La chica del dragón tatuado

Crítica de Roger Koza - Con los ojos abiertos

PLACERES PATRIARCALES

Digan lo que digan, y contra todo el consenso, el último film de Fincher es una película apenas correcta.

La modestia no caracteriza al cine de David Fincher. El club de la pelea, El curioso caso de Benjamin Button, Pecados capitales, todas películas ambiciosas y en sus propios términos complejas, son íconos del cine surgido en la década del ’90, cuya estética y temas alcanzan a nuestro presente. Fincher es al cine lo que un Grishman es a la novela: un hábil artesano, aunque sus seguidores dirán que el realizador nacido en Denver es el autor de nuestro tiempo.

Si se revisa su filmografía, no es casual que sea Fincher el elegido para adaptar Los hombres que odian a las mujeres en su versión hollywoodense, el best seller global de Stieg Larrson, que escribió su libro como una especie de conjura frente a su impotencia al ver que unos pandilleros violaban a una adolescente llamada Lisbeth. Título sugestivo y ostensiblemente feminista, los “placeres” patriarcales desfilan a través del relato como un batallón de la SS. Por cierto, los nazis aquí merodean como un espectro fundacional de las perversiones, aunque el sadismo, los asesinos seriales, la tortura, las violaciones, a veces matizados por cierto delirio bíblico, son ligeramente autónomos de la cultura nazi.

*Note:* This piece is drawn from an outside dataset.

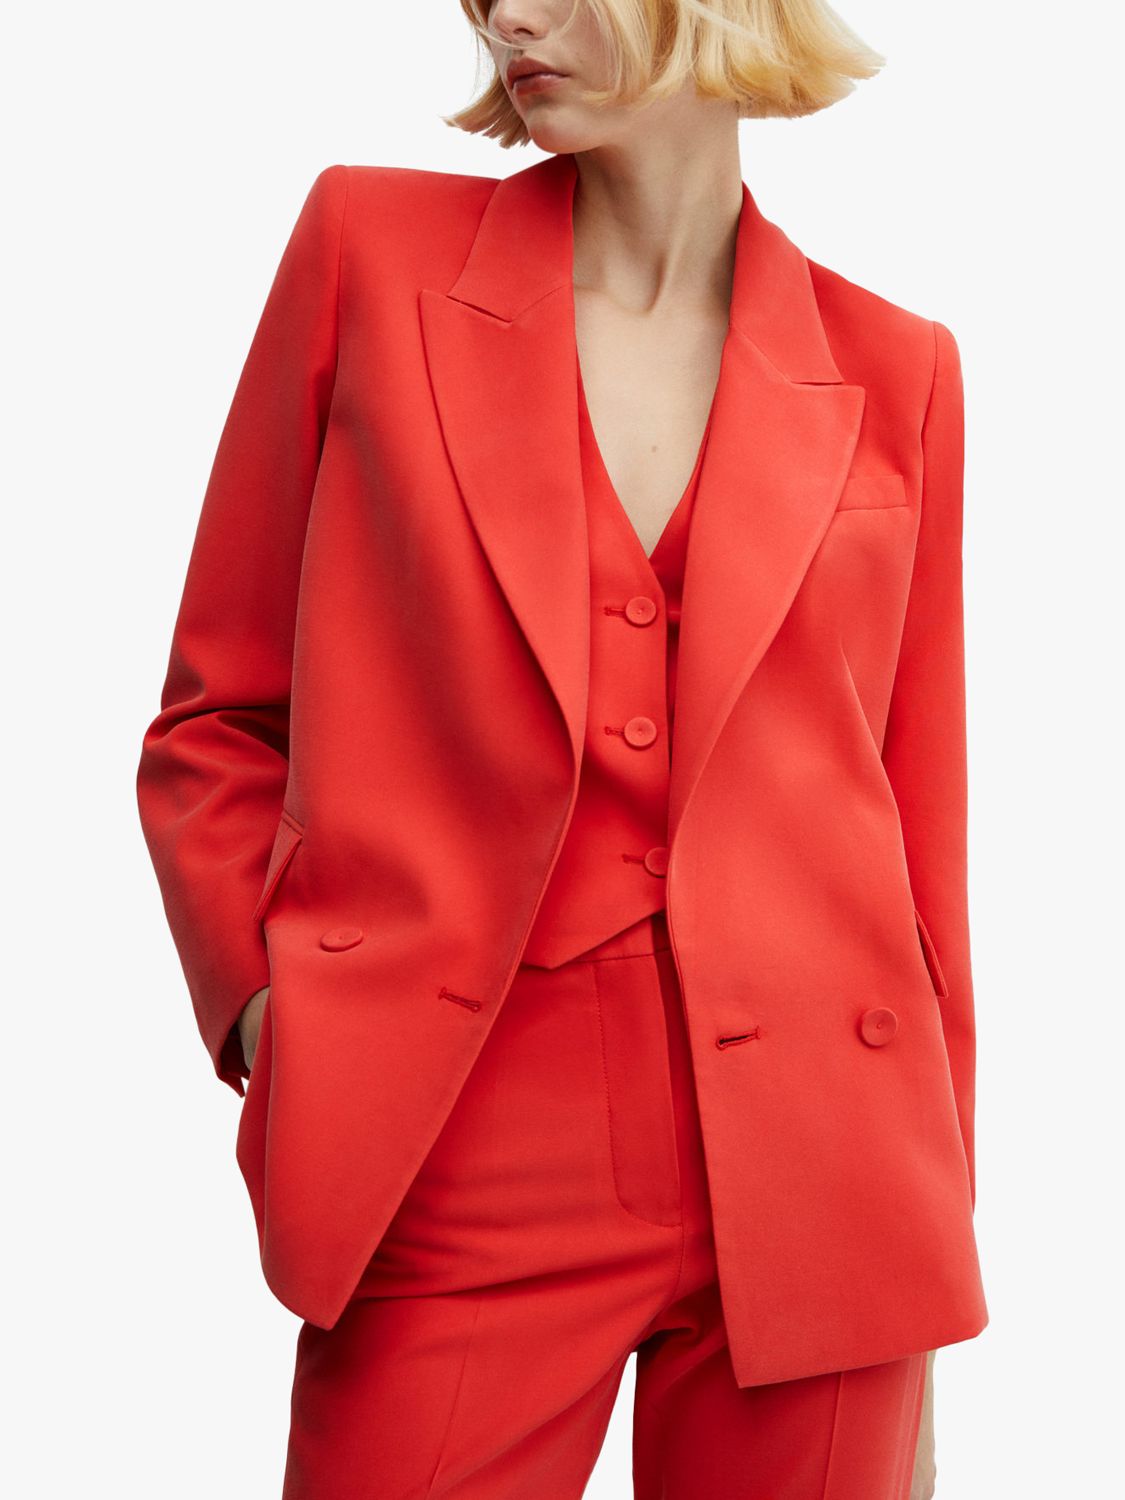 Mango Tempo Suit Waistcoat, Bright Red, L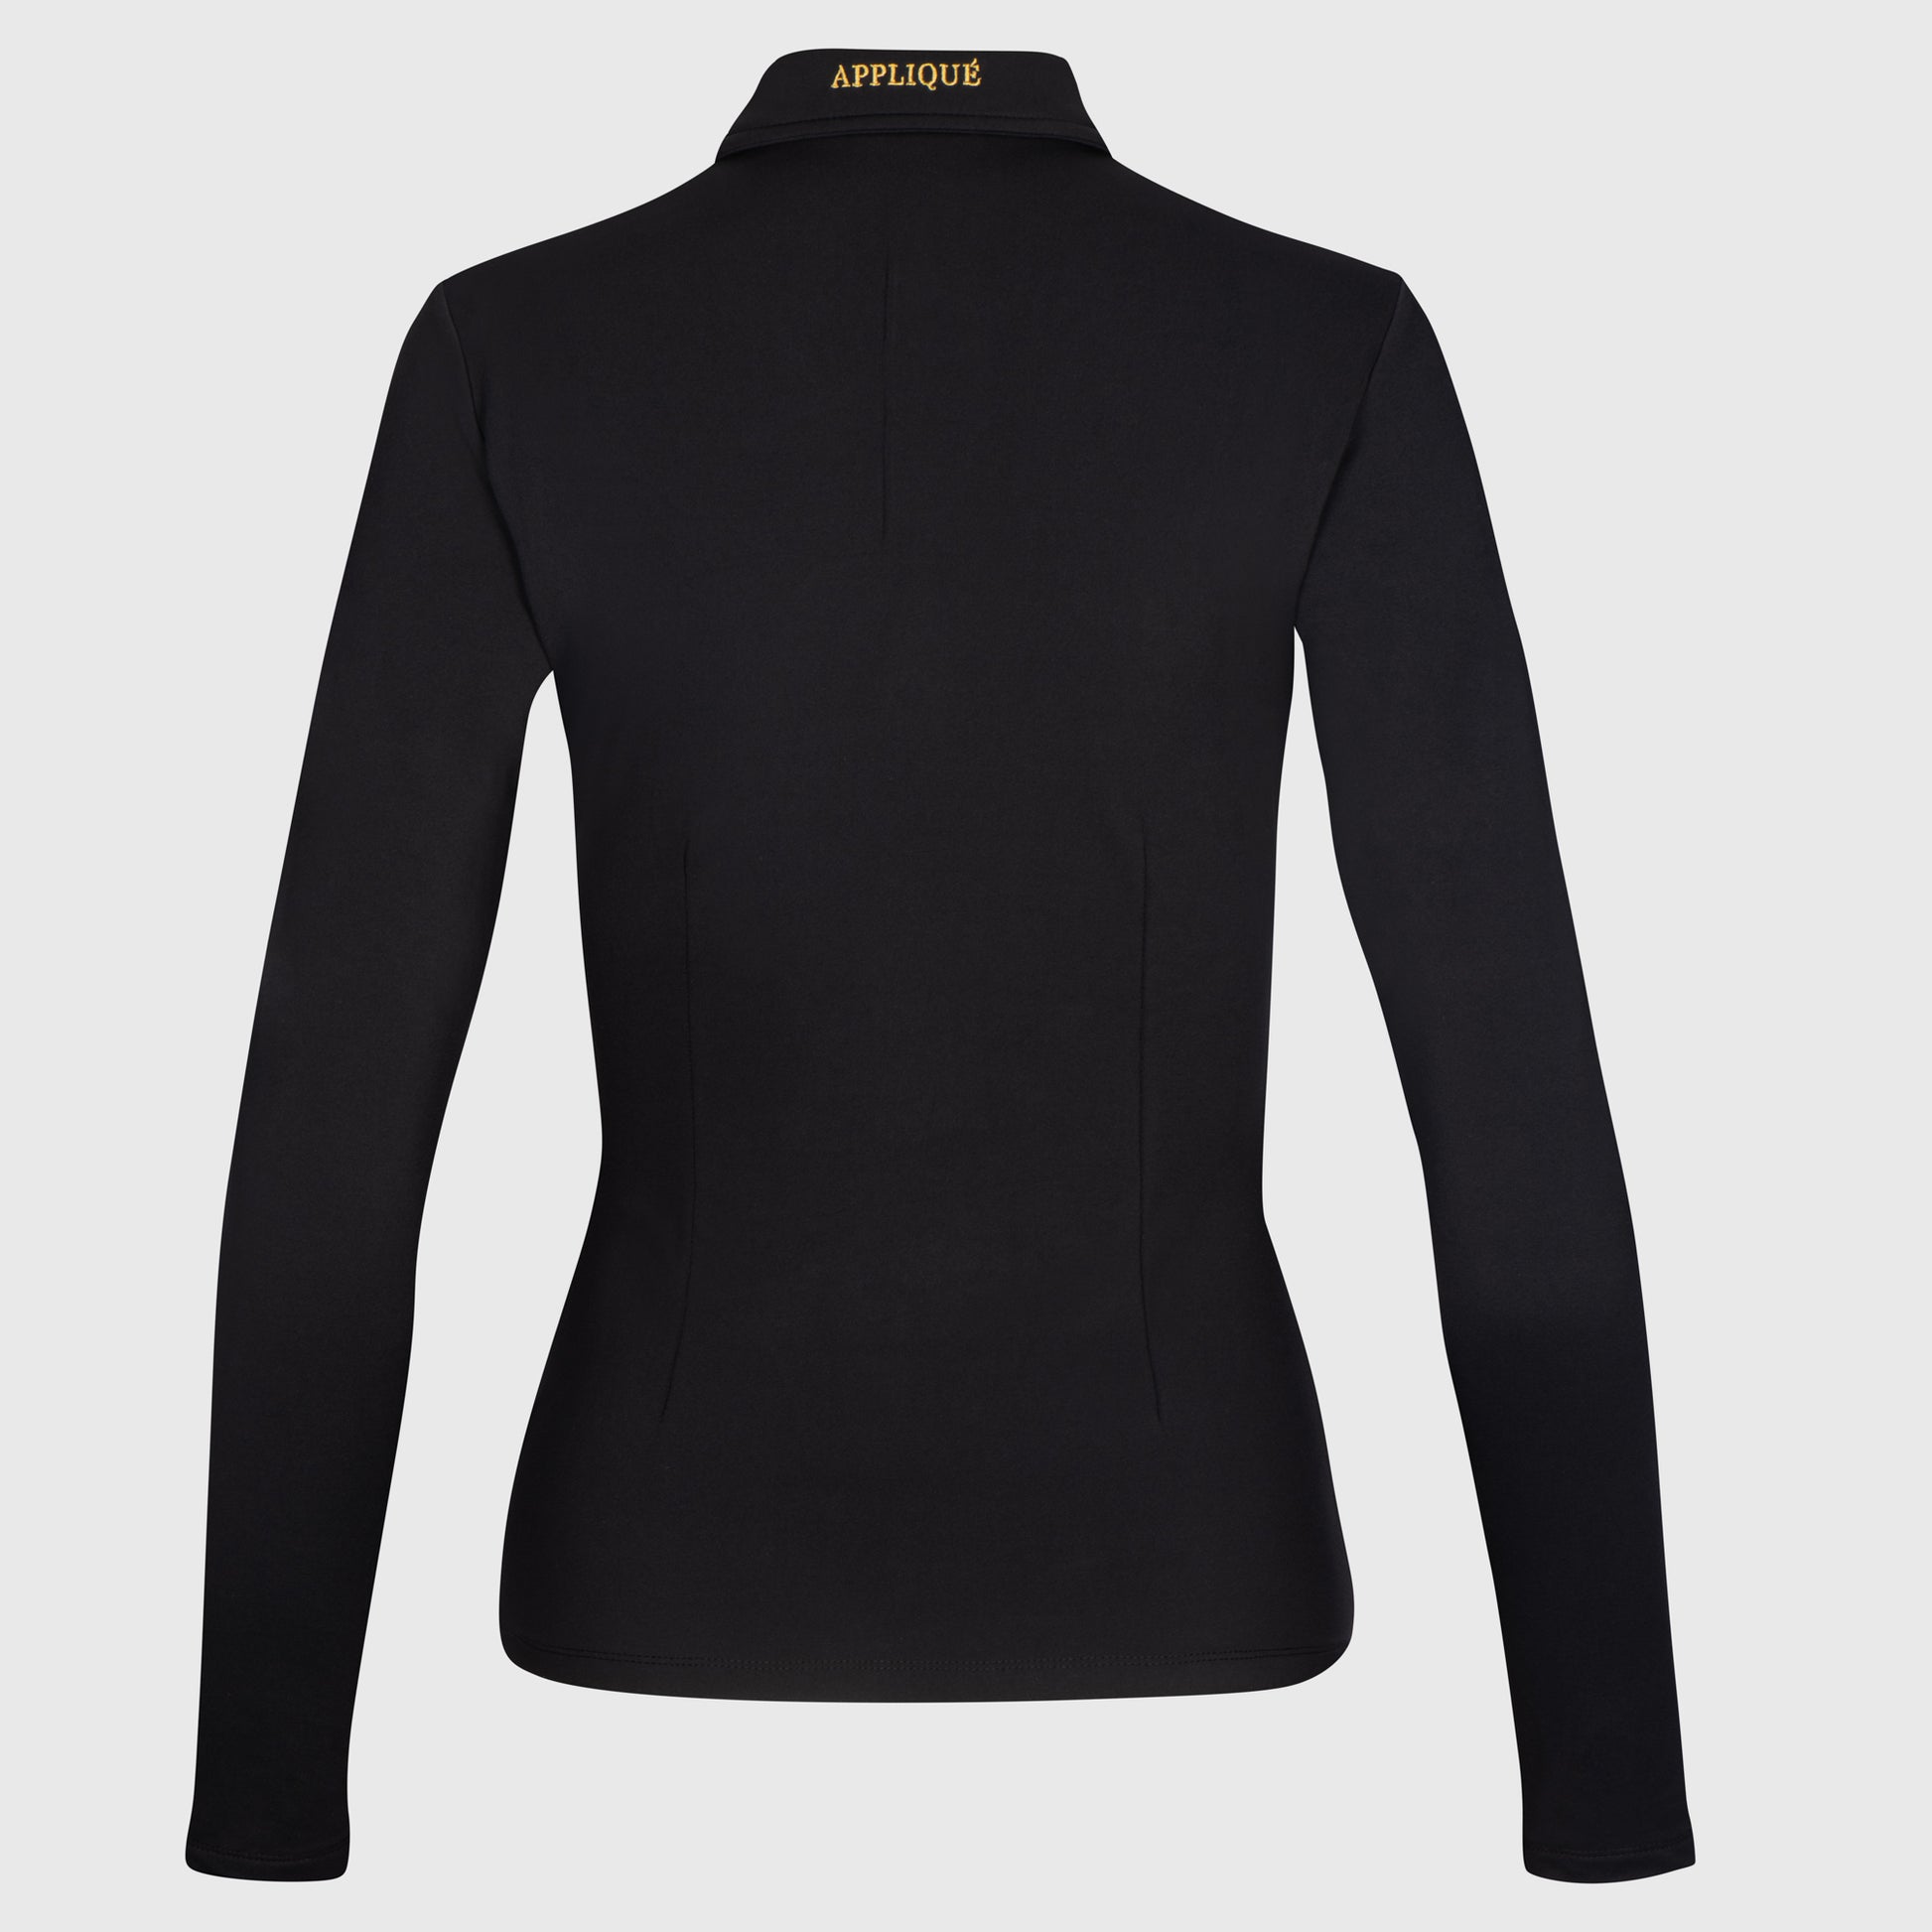 Appliqué Amsterdam - Poloshirt-Black-Women-Fleece-Warm

La chica del dragón tatuado arranca con la humillación de un periodista, que pierde su prestigio frente a un líder de una corporación. Pronto será contratado por un patriarca empresarial para cumplir una doble agenda: escribir su biografía e investigar la desaparición de su hija. Blomkvist, más que un escritor, parece un detective y, como si fuera un Sherlock Holmes glaciar, lo acompañará su Watson, una joven asocial, una suerte de punk hacker, tal vez lesbiana, que alguna vez quemó a su padre. Juntos lograrán descifrar el oscuro misterio familiar.

La chica del dragón tatuado, una síntesis entre Zodíaco (el mejor filme de Fincher) y La red social (su película más sobrevaluada), por momentos está muy cerca de convertirse en un comercial subliminal sobre las bondades de la notebook de la manzanita, pero no por eso abandona su constante desprecio por los hombres que no aman a las mujeres. Su mayor conquista, no obstante, pasa por otro lado: transmitir el placer de la inteligencia; las asociaciones mentales de sus dos protagonistas y la lectura que llevan a cabo de un par de fotografías para develar el caso es el punto más alto de un filme destinado al consentimiento acrítico de los fans de la trilogía (y Fincher) y al discreto olvido de los espectadores más exigentes.